Exactly. In the Monopoly boardgame, you play the role of a Tycoon, in IL-2, a Sturmovik pilot. But if I had to define what is the difference between an RPG in the more common sense of the term and those games, I'd say it's a matter of choice-based gameplay. A P&P RPG is almost only a game of choice (and, for many people, acting), a CRPG in the traditional sense is usually a sort of action/tactical/adventure mix with a decent amount of choices to make.
Diablo is a hack-and-slash, a genre previously defined as part of the action-RPG genre but now clearly distinguished. Oblivion is an A-RPG. Fallout is a plain RPG. That's roughly how the press and the devs' define them, and I find that satisfactory.
Deus Ex is an FPS (or more accurately, a stealth-based game, ala Thief) with RPG elements, and was not defined by Ion Storm or the gaming press as an RPG. The RPG elements *do* include meaningful choices.
So, when it comes to the games that you say make it difficult to define the RPG genre (because of genre border blurring), I'd just say that they have RPG-elements, but not that they're full-fledged RPGs.
Sure EWOM sucked at release. I got two more standalone games to make up for it. That's the games they have to win me over to the Elemental world again. Since I already have a promise to play those two games, I don't need to decide on future titles until I played those. If the Elemental world still appears boring and lore-less after those two promised titles, I won't buy the RPG. If, on the other hand, they've vastly expanded on the Elemental world, I most assuredly will.

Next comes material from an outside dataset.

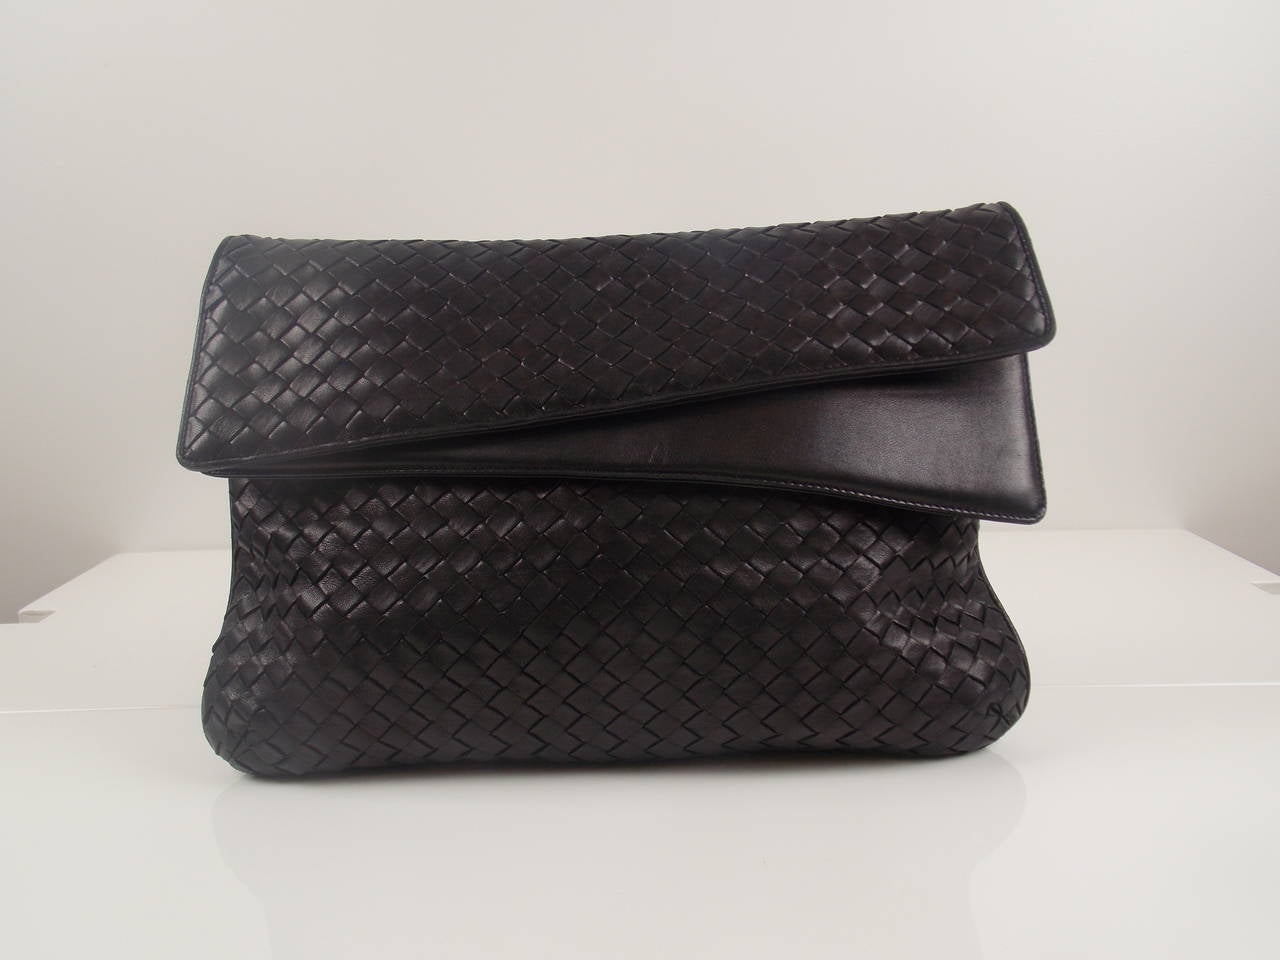 Super Chic Bottega Veneta woven double pocket clutch in black Leather.

There's no way for Stardock to cut their losses and back out of the Elemental world. They're in it now, and dedicated to making it work. Quitting is not an option. Expressing disappointment that SD are pursuing this line of action just reveals a fundamental ignorance as to how SD operates. Maybe you wanted some other game to happen, but that's just too bad.

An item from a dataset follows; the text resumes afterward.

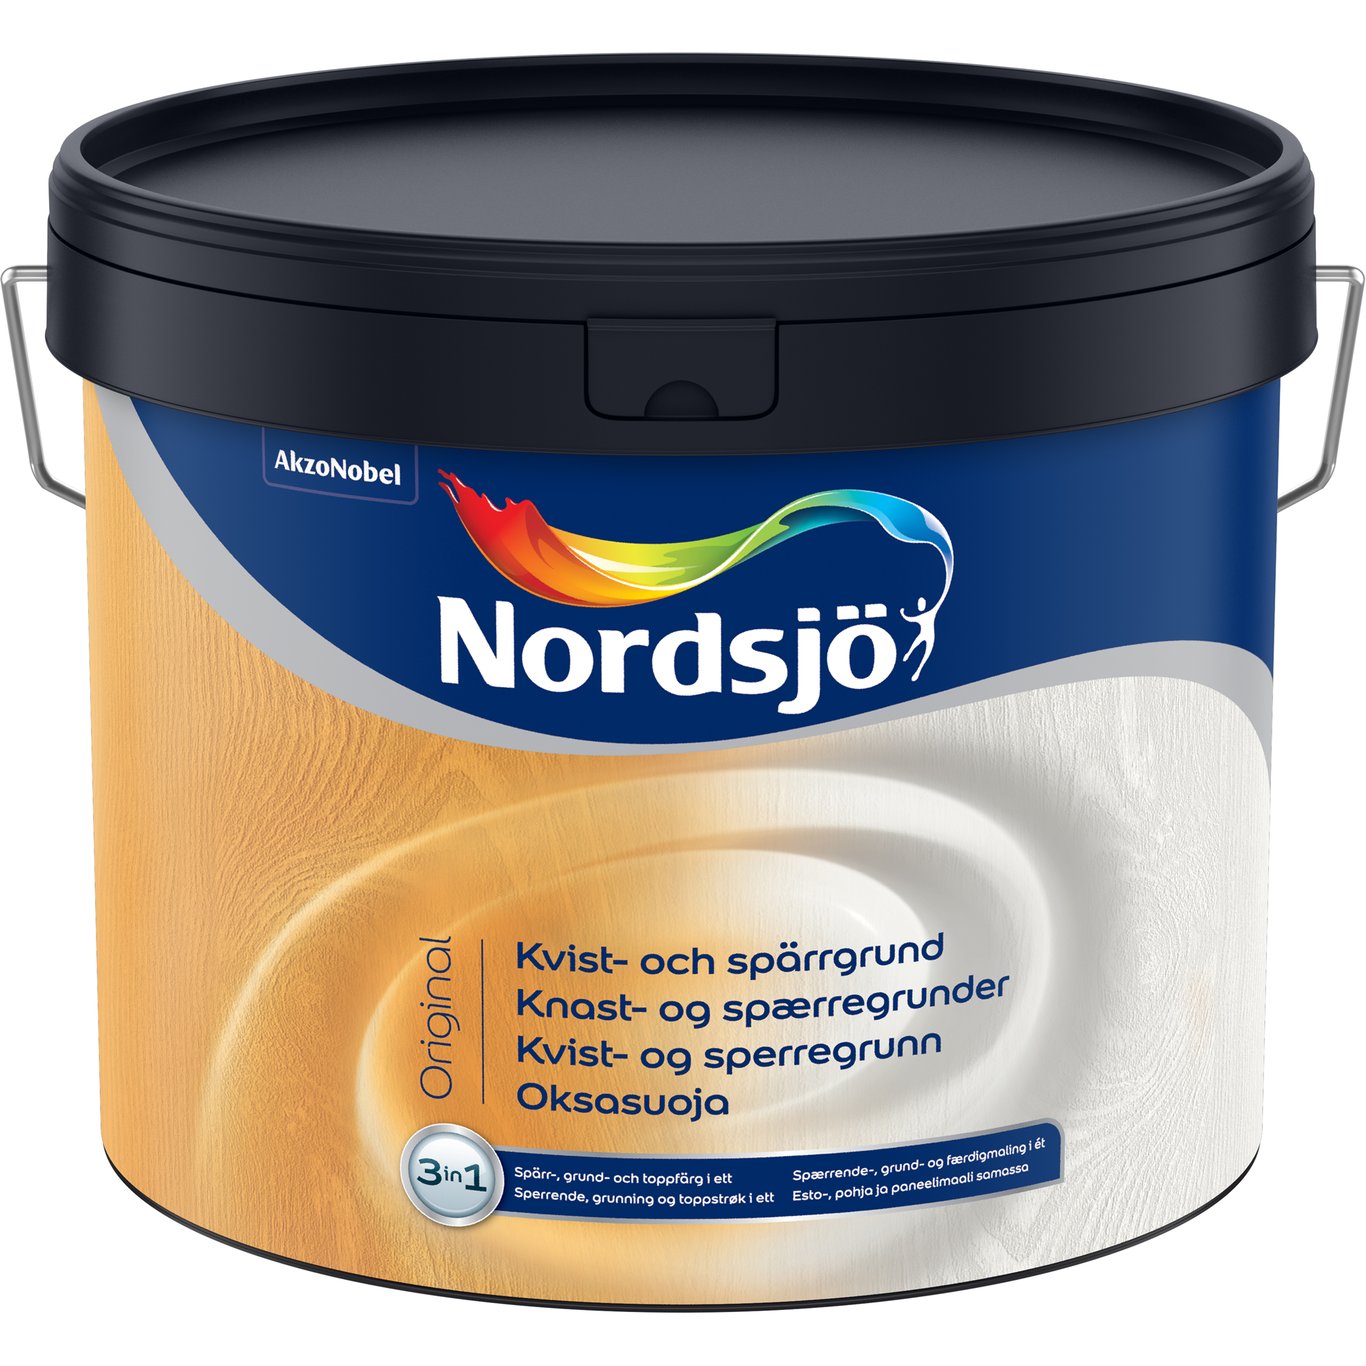 NORDSJØ ORIGINAL KVIST- OG SPERREGRUNN 2,5L

Only the future will tell if they are successful in salvaging Elemental or not.
C++ wouldn't be a good pick for the kind of pick-up-and-mod style that games want these days. As a separate SDK, hells yes, but not for general purpose modding. Anyway no one wants to pick through a bunch of pointers just to figure out what the heck is going on!
I did like the Lua suggestion. That's a handy dandy little language, and a damn sight more friendly than Python. Plus the grammer isn't full of unusual choices for standard operations.

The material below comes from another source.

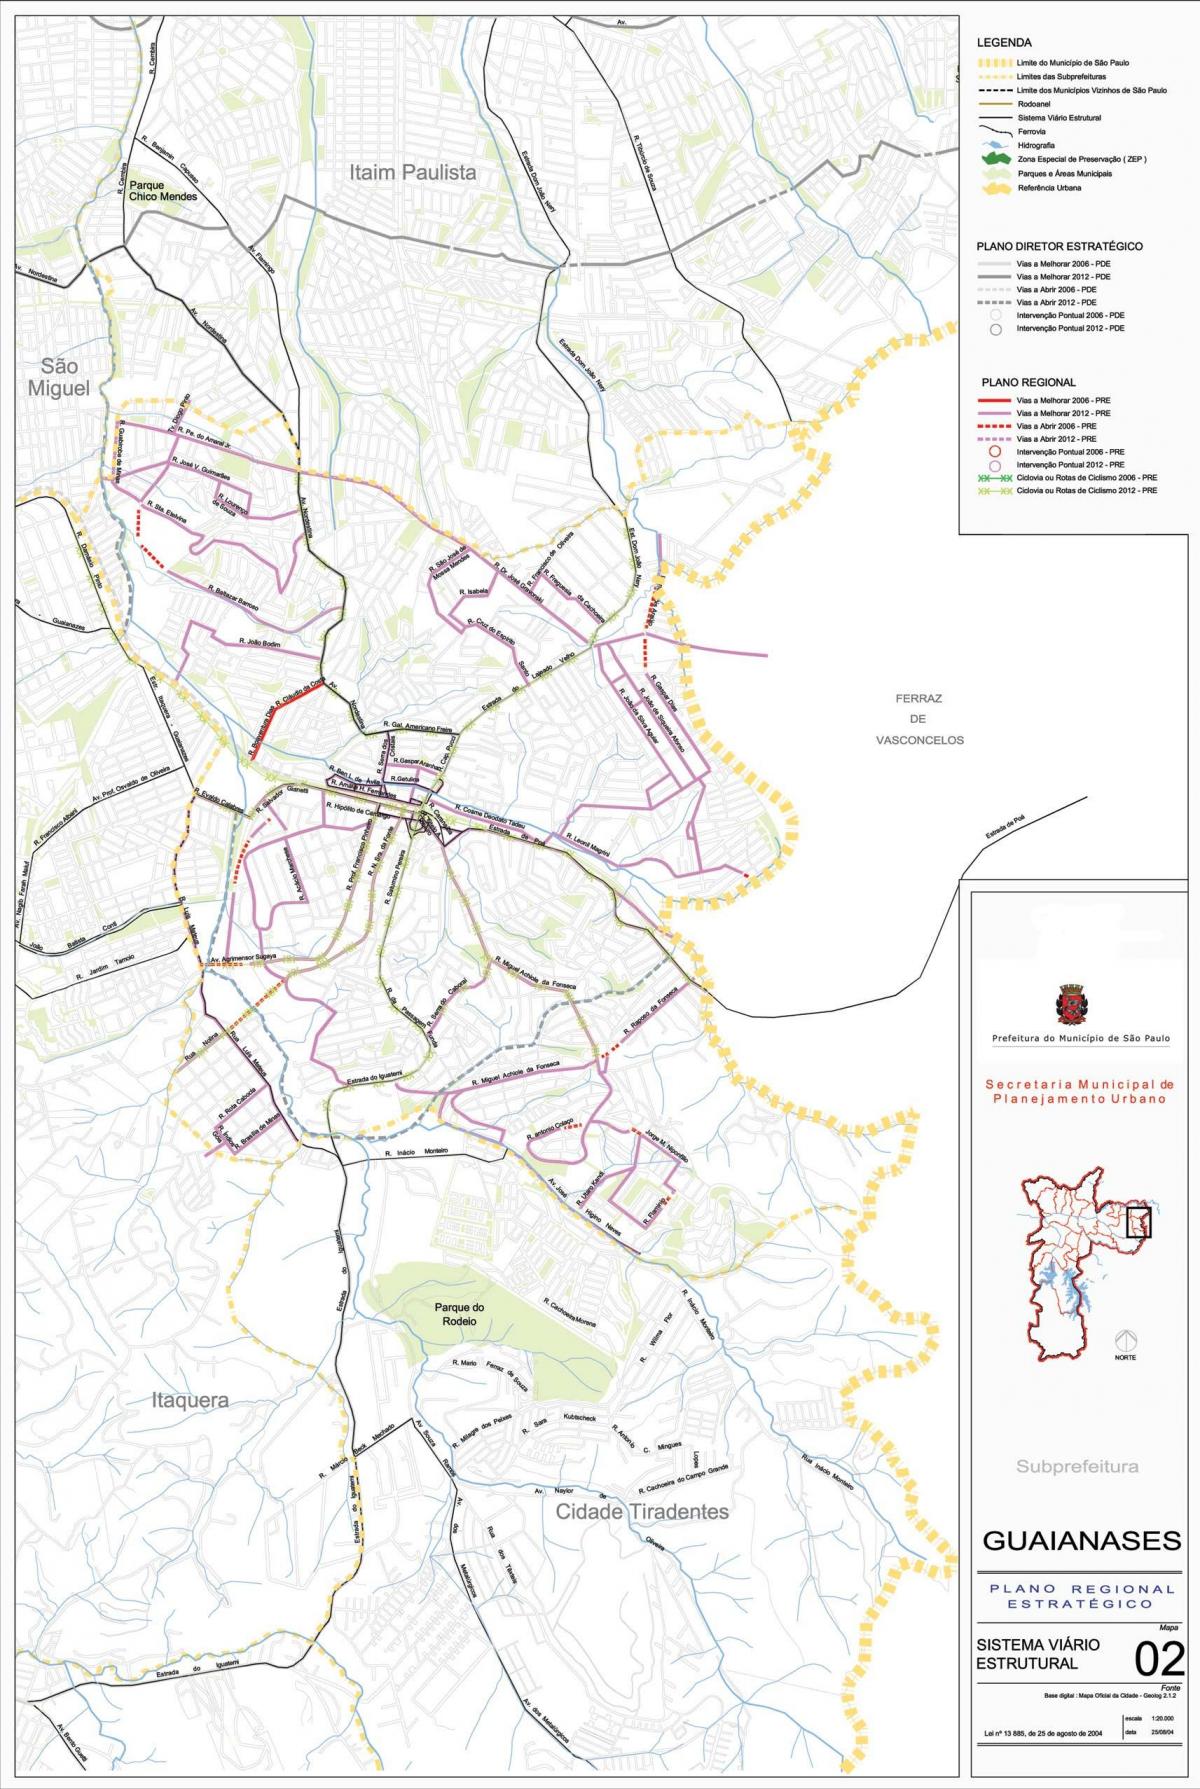 Carte Guaianases São Paulo - Routes

I mean, even if you've never programmed a day in your life, you'll be able to puzzle it out pretty quickly:
function get_all_factors(number) --[[-- Gets all of the factors of a given number @Parameter: number The number to find the factors of @Returns: A table of factors of the number --]]-- local factors = {} for possible_factor=1, math.sqrt(number), 1 do local remainder = number%possible_factor if remainder == 0 then local factor, factor_pair = possible_factor, number/possible_factor table.insert(factors, factor) if factor ~= factor_pair then table.insert(factors, factor_pair) end end end table.sort(factors) return factors end --The Meaning of the Universe is 42. Let's find all of the factors driving the Universe. the_universe = 42 factors_of_the_universe = get_all_factors(the_universe) --Print out each factor print("Count", "The Factors of Life, the Universe, and Everything") table.foreach(factors_of_the_universe, print)
I mean, this is pretty easy to understand.